The Difference Between Basic and Comprehensive 

FisheryProgress tracks two types of active FIPs – basic and comprehensive. Some companies include requirements about FIP type in their procurement policies.

Basic FIPs are a good entry point for fisheries to begin addressing specific environmental challenges to improve their performance against the Marine Stewardship Council Fisheries Standard. Basic FIPs complete a needs assessment to understand the challenges in the fishery.

The primary differences between basic and comprehensive fishery improvement projects are the level of scoping to inform development of the workplan, the objectives, and the verification required.

Comprehensive FIPs aim to address all of the fishery’s environmental challenges necessary to achieve a level of performance consistent with an unconditional pass of the MSC Fisheries Standard. Comprehensive FIPs engage a party experienced with applying the MSC standard to complete an MSC pre-assessment to understand the challenges in the fishery and must have independent, in-person audits of progress against the MSC standard every three years.

Some FIPs change from basic to comprehensive over time, and when appropriate, seafood business can play an important role in encouraging basic FIPs to transition to comprehensive.

How to Tell if a FIP is Making Progress

How a fishery’s scores change over time is an indicator of how the fishery is improving. A summary of how the fishery’s scores have changed since the start of the FIP is available on FisheryProgress in the “FIP at a Glance” section on the Overview tab. You can access more detailed information for each FIP on the Improvement Progress tab.

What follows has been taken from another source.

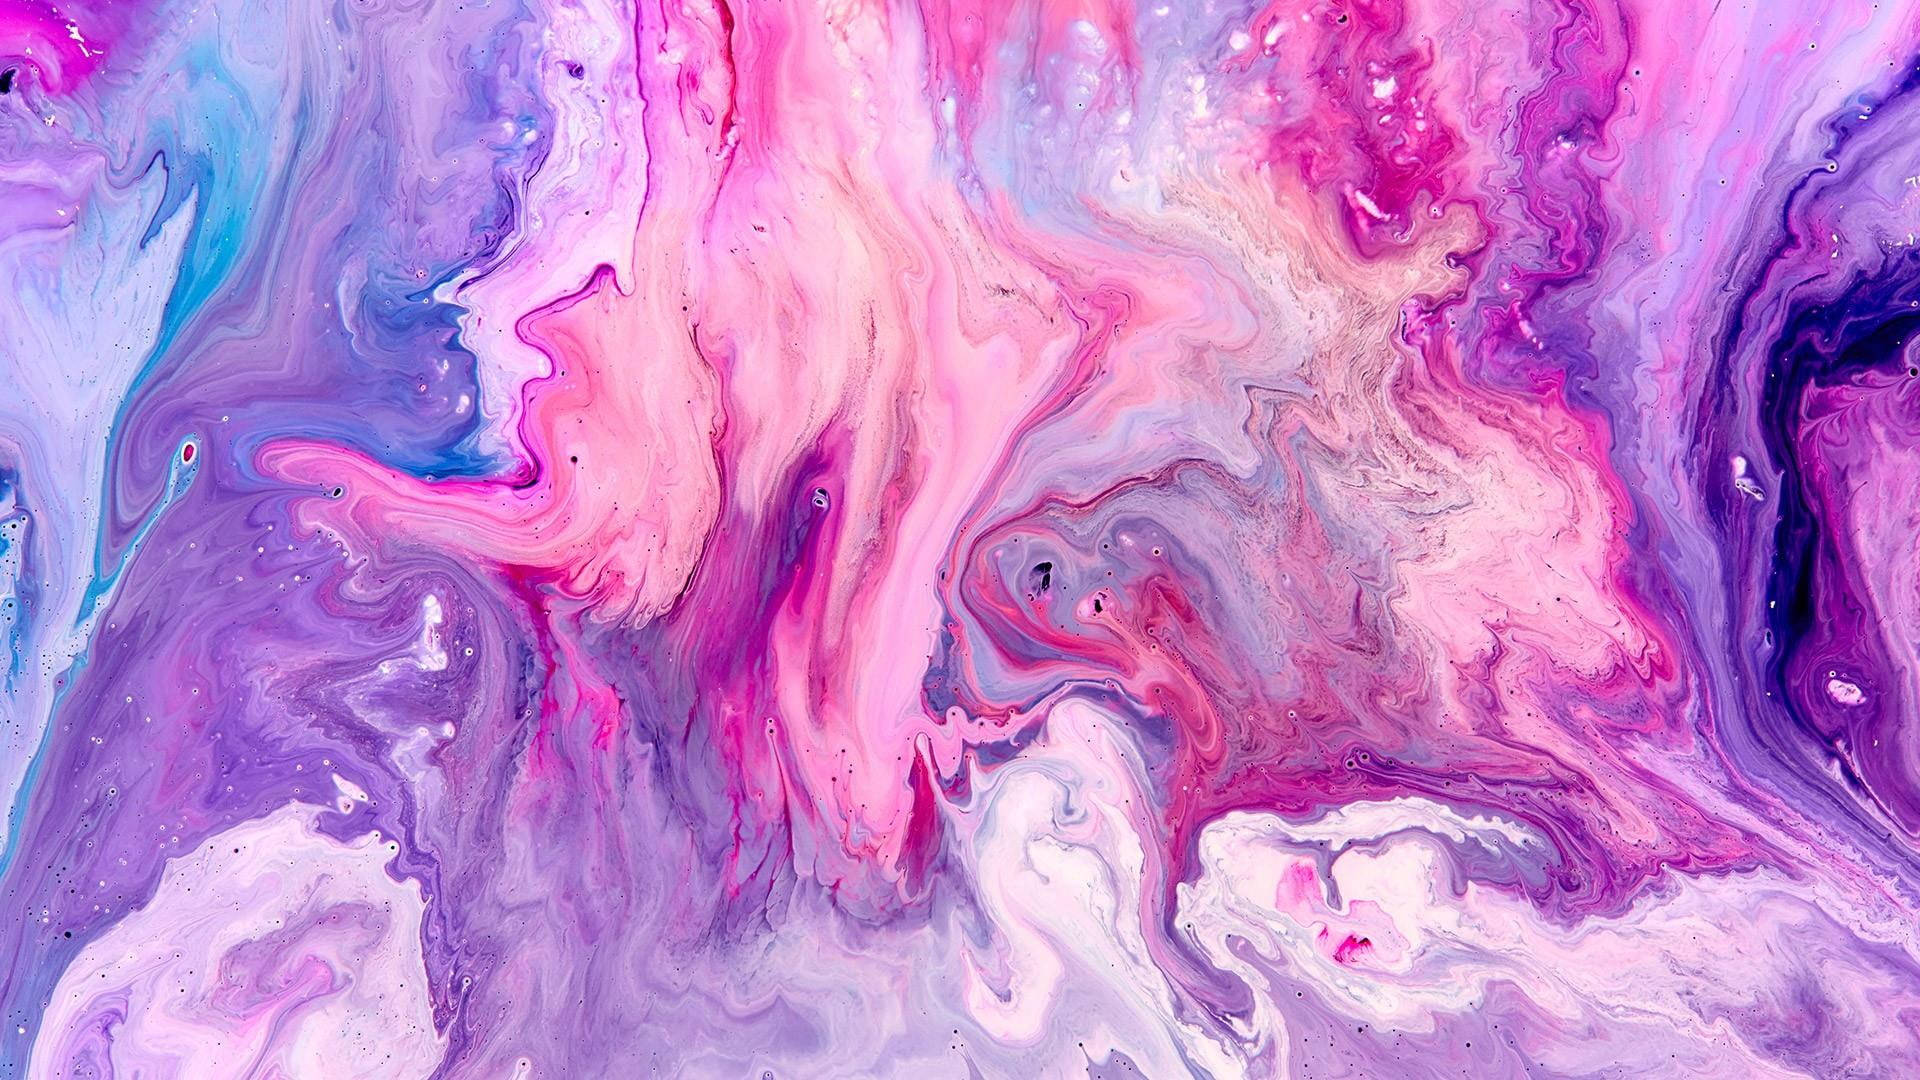 Purpleund Rosa Farben Als Hintergrundbild / Wallpaper. Wallpaper

Reviewing the progress the FIP is making against its workplan is another indicator of the FIP’s progress. On FisheryProgress, a FIP reports all progress against their workplan on the Actions Progress tab. This includes the results of FIP actions and tasks. FIP actions are listed as Completed, On Track, or Behind Schedule. Narrative updates are available by clicking on the Action Name.

The FIP progress rating reflects the rate of progress in the FIP against specific time benchmarks. Each FIP has an A - E progress rating associated with it. See the Sustainable Fisheries Partnership (SFP) FIP Evaluation Tool for more information about how the progress ratings are derived.

Products from FisheryProgress FIPs on FishChoice

Symbol Summary Definition
Fishery Improvement Project (FIP) on FisheryProgress Identified seafood source is currently in an active basic or comprehensive fishery improvement project (FIP) on and the supplier identified for the product is listed as a participant on the associated FIP profile.*
*FishChoice does not recommend identifying products from a FIP outside the parameters described above — either on our site or while using our tools. FishChoice recommends that businesses who source products from sources that overlap with a FIP, but that are not directly in that FIP, identify their non-FIP source as well to best inform staff and customers. It is the responsibility of FishChoice Partners to ensure the sourcing information they provide to FishChoice is reflective of their product sourcing. FishChoice does not independently validate any Partner sourcing information and is not responsible for the accuracy of sourcing information displayed on the product page.